Under Robinson, the New Paltz athletic department launched a diverse array of initiatives. To allow students to take advantage of the surrounding nature, the department started “Outdoor Pursuits,” a program that offers activities such as mountaineering and snowshoeing throughout the school year. Upon the requests of the student-athletes, they also launched “Athletes Together” to not only spotlight the issue of mental health in sports but also create a more supportive environment for student-athletes seeking help.

Robinson recognizes it is important to establish a channel of communication between him and students on all levels of collegiate athletics. At NYU, Robinson takes the helm of an athletics program spanning 23 varsity sports teams and 25 intercollegiate club teams as well as numerous recreational and intramural programs. 

“There are multiple layers of contact there,” he said. “There’s the intercollegiate student athlete, but at the same time there’s also the club sport, the recreational, and the intramural athletes.”

And, while this fall semester will not be the first semester that Robinson envisioned for himself at NYU, he maintains an optimistic outlook. The season being cancelled has given him an unexpected amount of time to gauge how to draw students’ attention to NYU athletics.

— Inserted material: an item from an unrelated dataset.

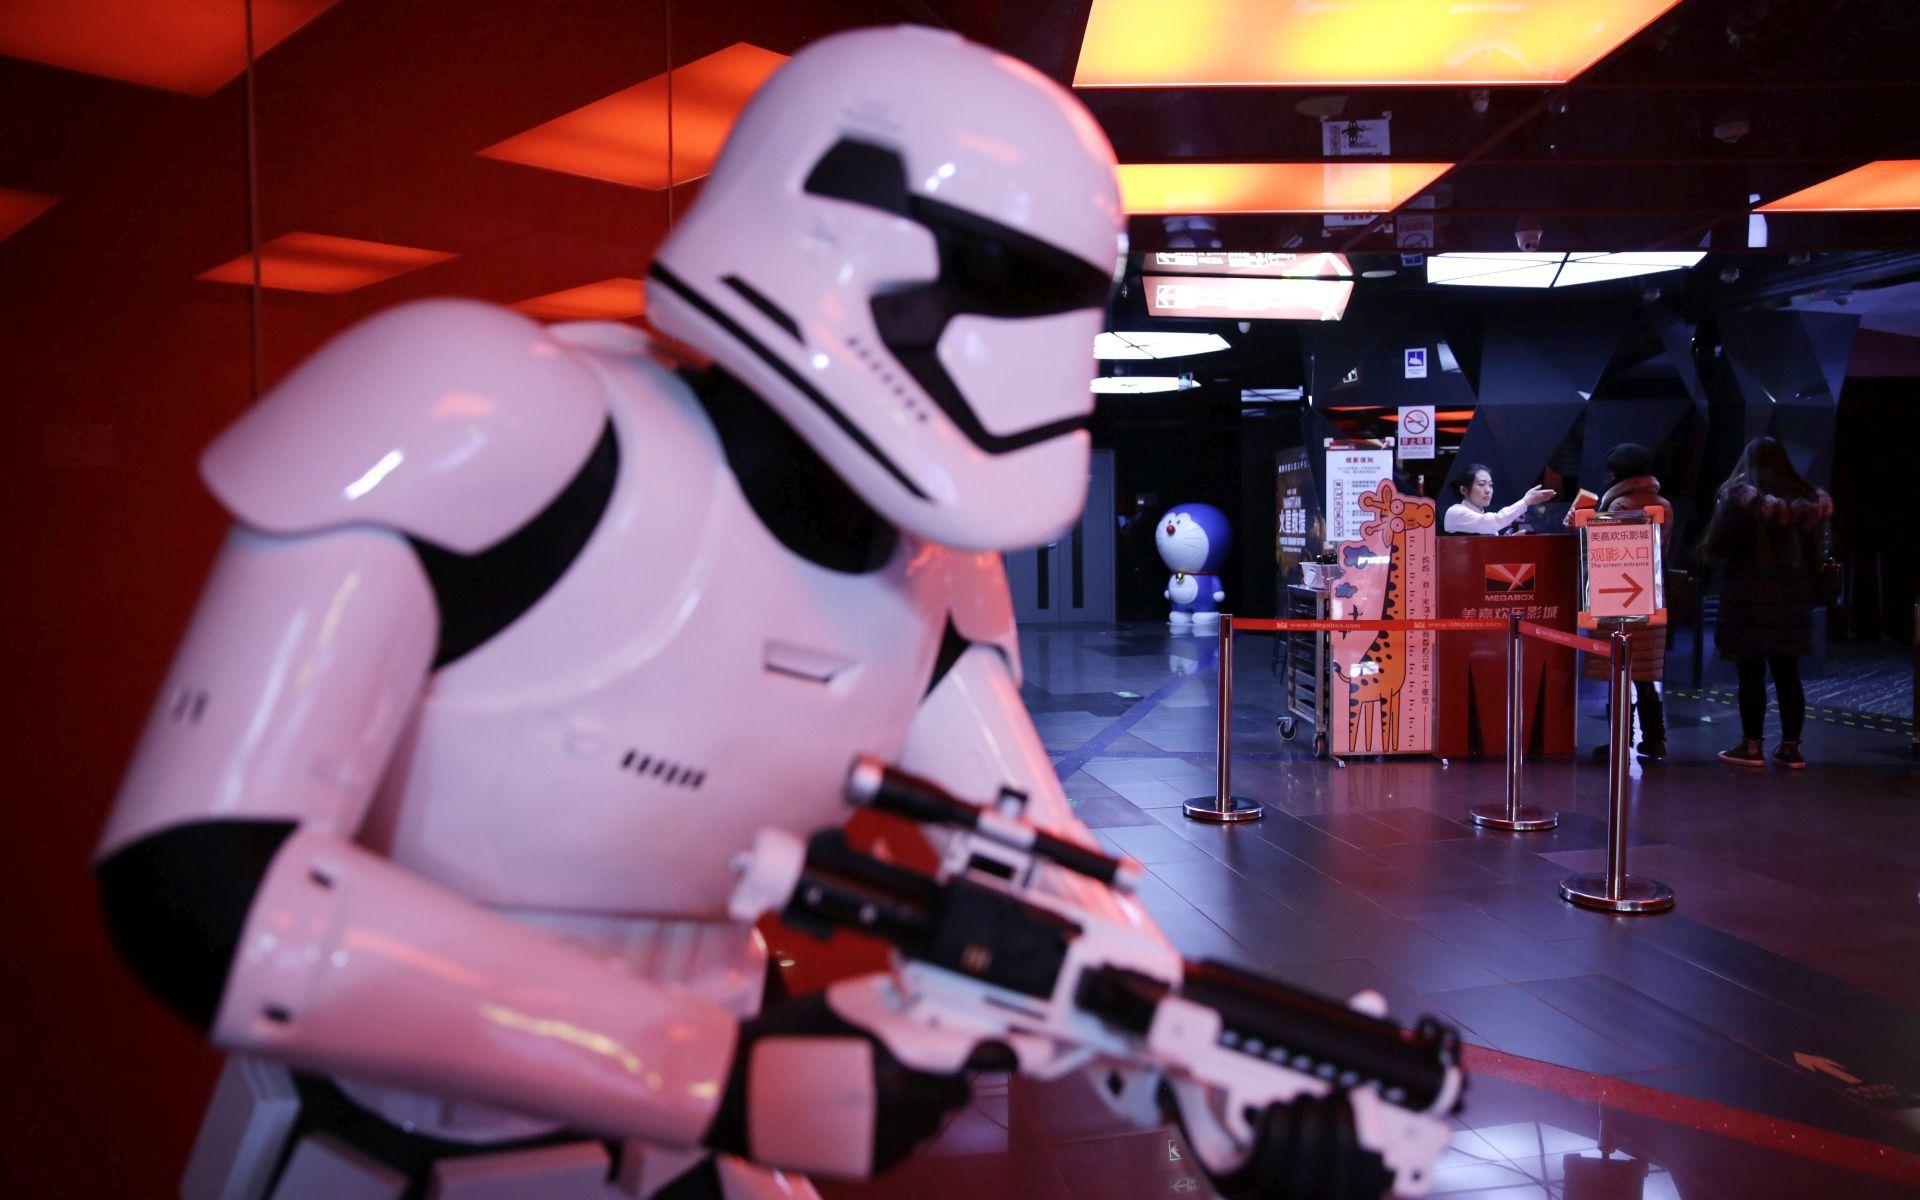 PREPRAVLJA SE SCENARIJ? Disney odgodio premijeru osmog nastavka 'Ratova zvijezda'

“On a campus where people don’t always think that we have intercollegiate athletics, I think it’s important that we work to make sure people recognize that we do,” Robinson said.

By coming to NYU, Robinson leaves behind an athletics program that enjoyed newfound success under his purview at New Paltz, headlined by the school’s first ever two national team titles in men’s volleyball. He is keen to replicate a similar level of success at his new university.

“I don’t think people thought that we could be as competitive as we were,” he said. “And that’s what I’m expecting coming here, thinking that we will compete in the UAA and that we will be one of those teams always vying for championships.”

A version of this article appeared in the Tuesday, Sept. 8, e-print edition. Email Kevin Ryu at [email protected]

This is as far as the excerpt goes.